BRIEF: Please quote exactly the lines below from the line containing "Construccion de casas en" to the line containing "Hitomi 人間ドックの診断結果を明かす 気づいてはいたけど", both lines included, and nothing else.

GIVEN RECORDS:
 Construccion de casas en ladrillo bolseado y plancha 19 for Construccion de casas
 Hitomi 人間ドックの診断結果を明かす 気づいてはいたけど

==

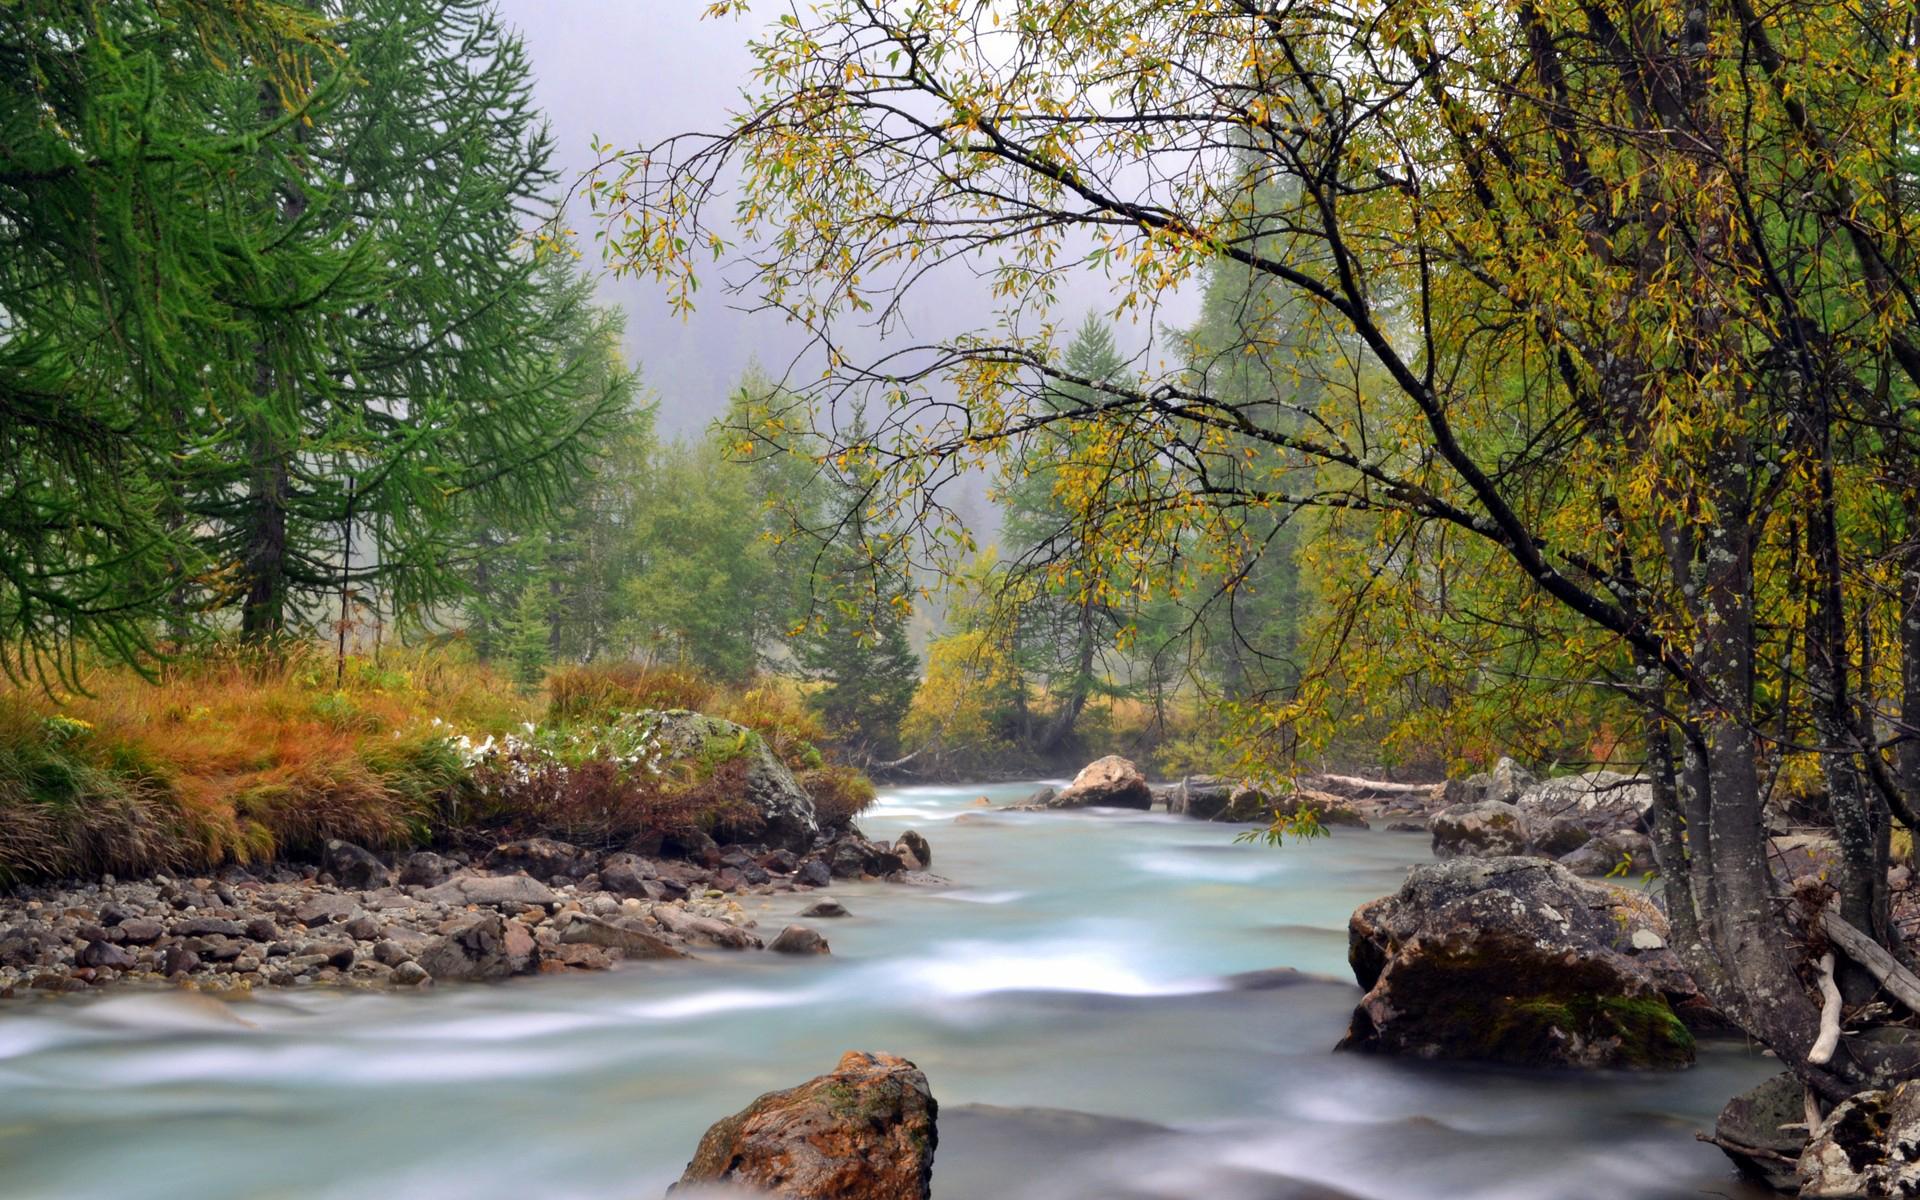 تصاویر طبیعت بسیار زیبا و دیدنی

TASK RESPONSE:
 Construccion de casas en ladrillo bolseado y plancha 19 for Construccion de casas
 Hitomi 人間ドックの診断結果を明かす 気づいてはいたけど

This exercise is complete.